What to work on:
Please repeat each line from the one holding "Buy John Lewis" through the final line of the data, exactly as it stands, with no pictures.

Data below:
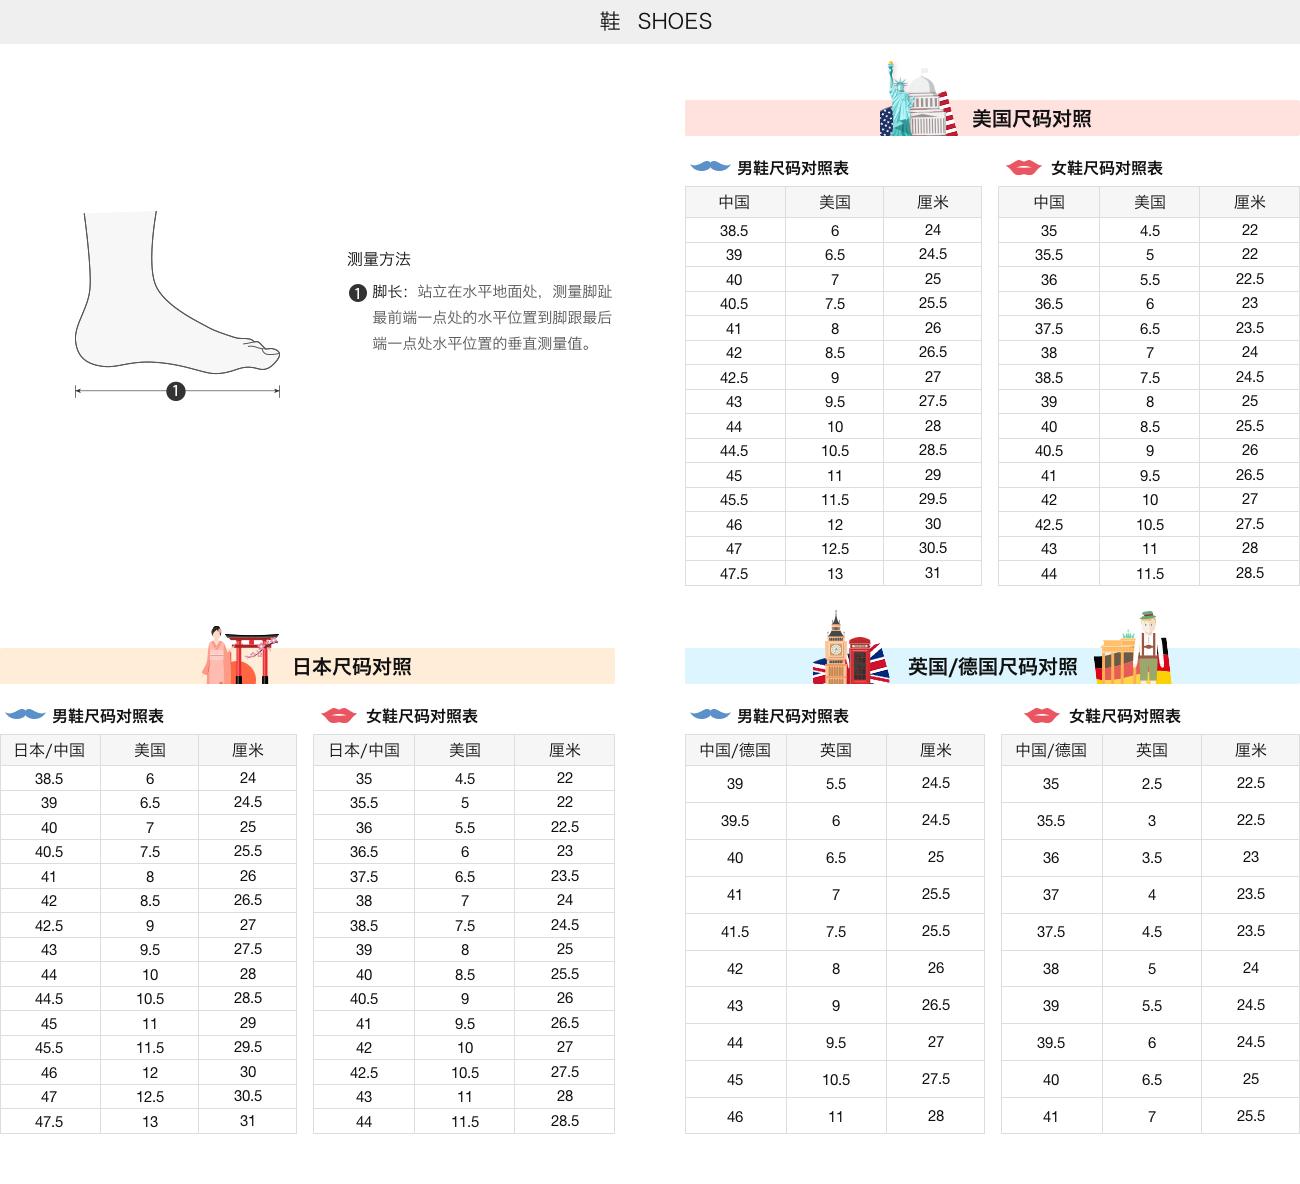 海外购鞋靴尺码表
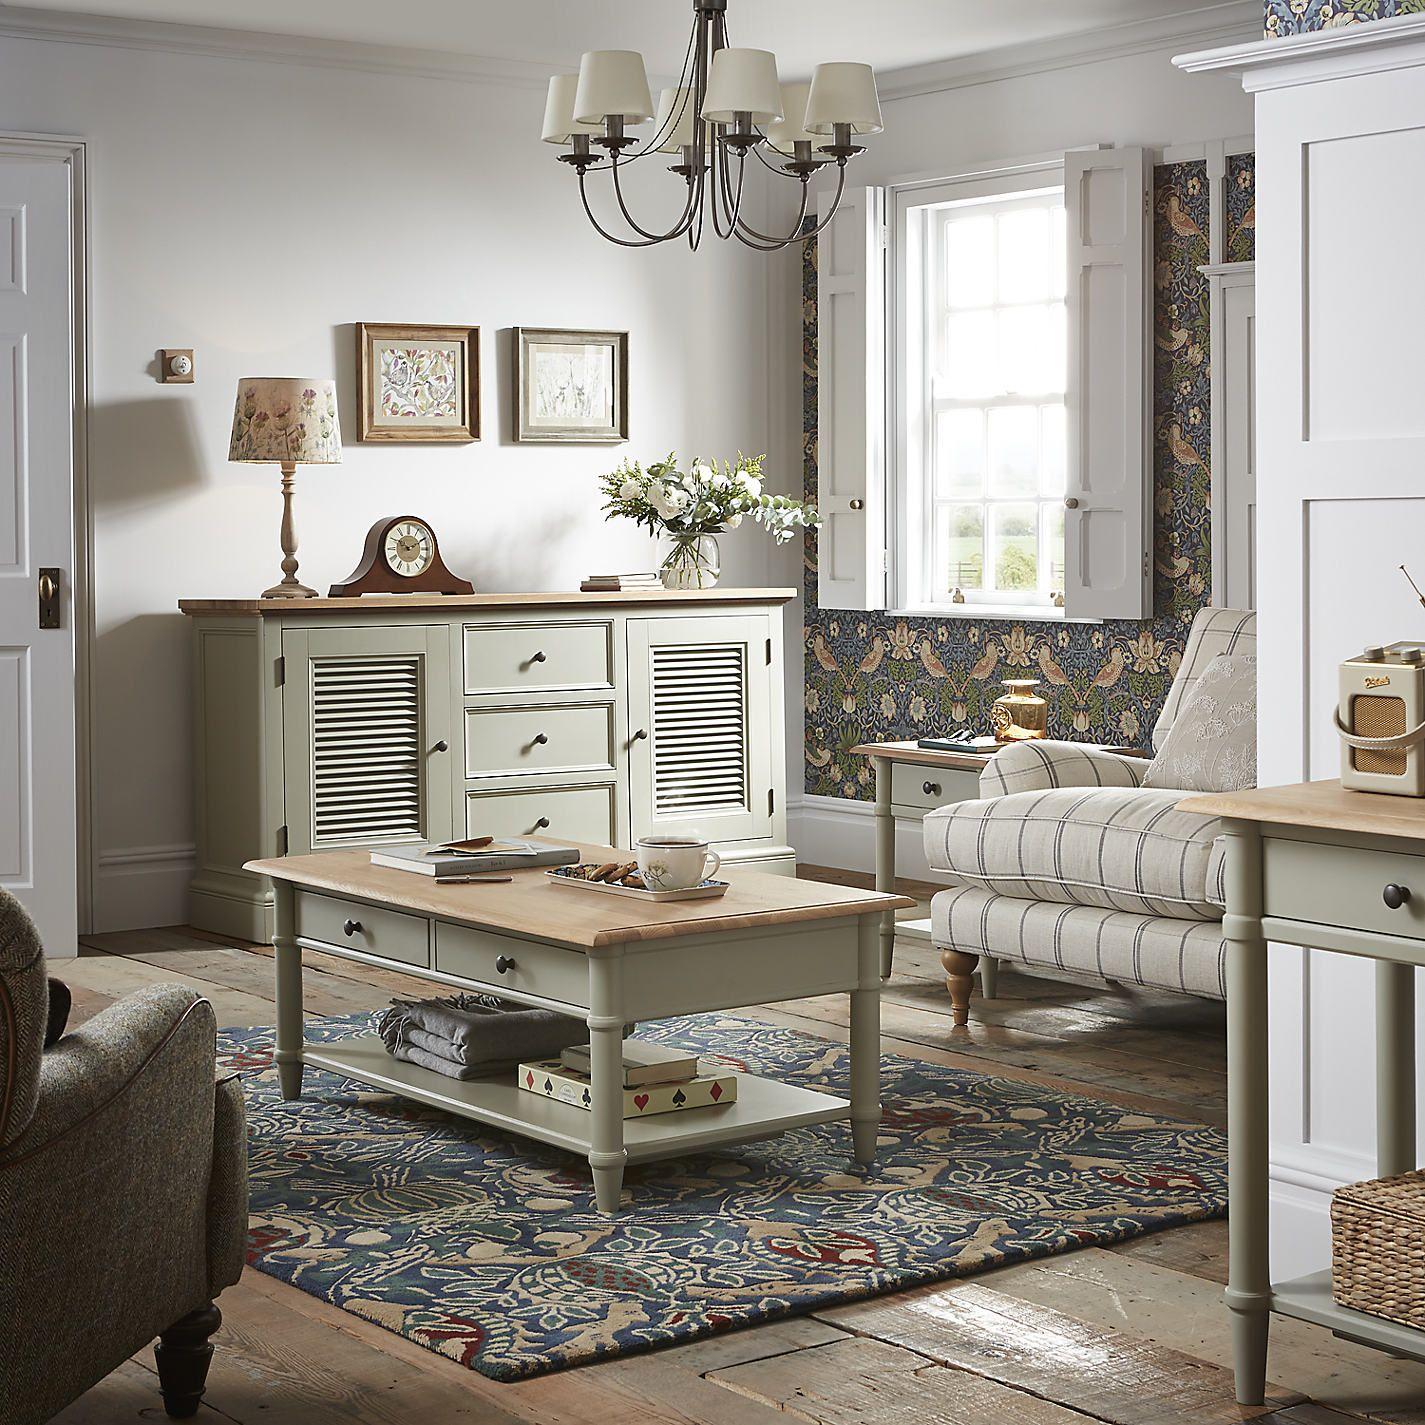 Buy John Lewis Stockbridge Range from our Living Room Furniture ...
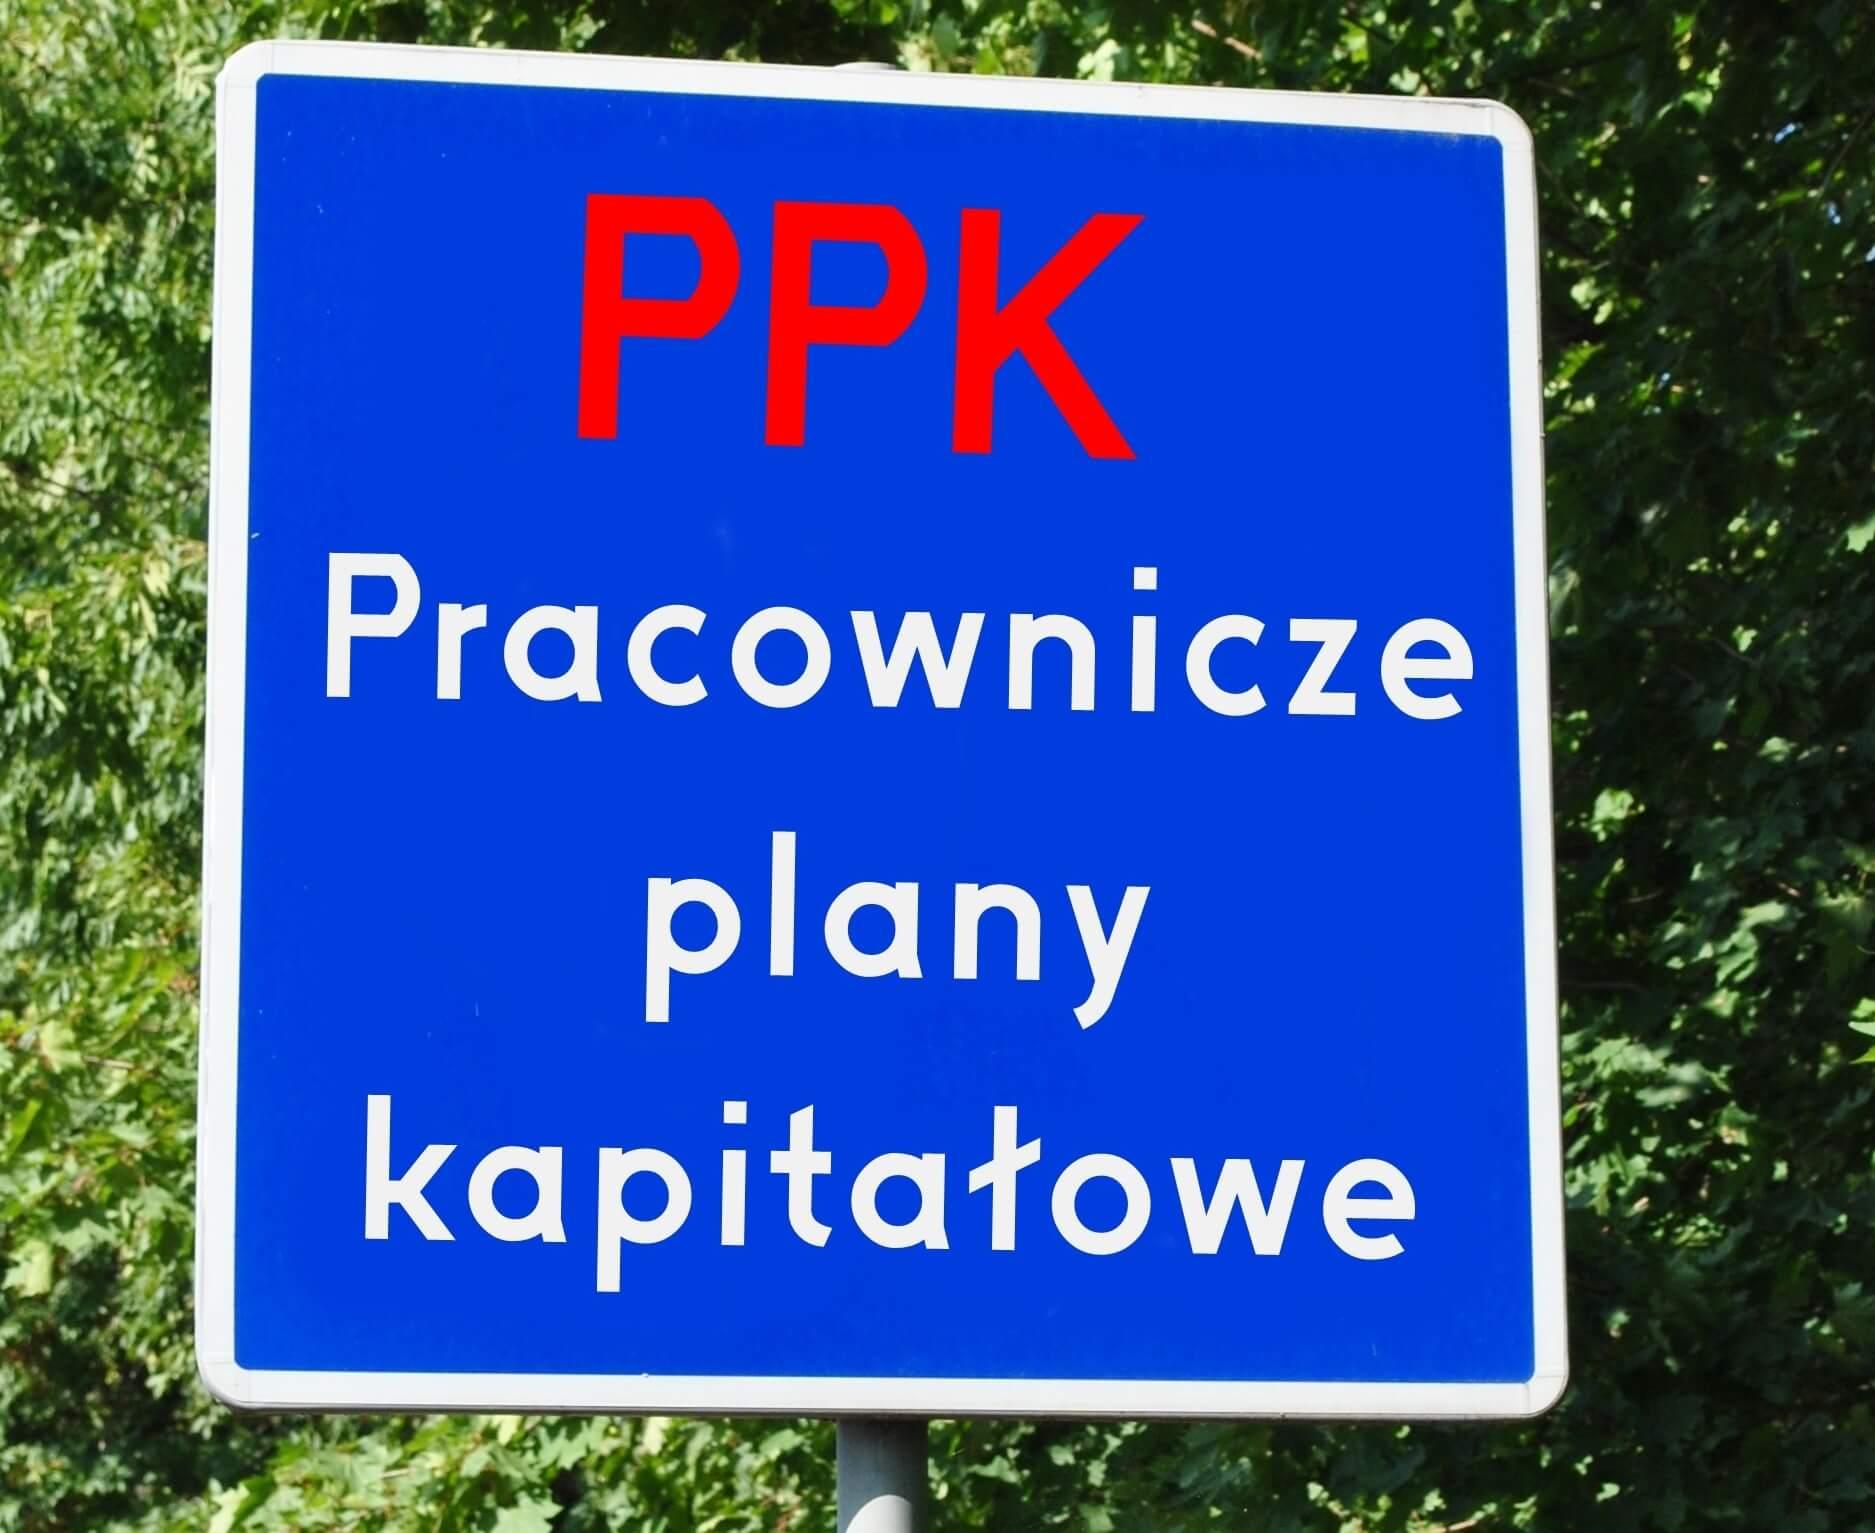 """PPK Pracownicze Plany Kapitałowe, czyli """"niechcem ale muszem"""" cz.2"""

Answer to the exercise:
 Buy John Lewis Stockbridge Range from our Living Room Furniture ...
 """PPK Pracownicze Plany Kapitałowe, czyli """"niechcem ale muszem"""" cz.2"""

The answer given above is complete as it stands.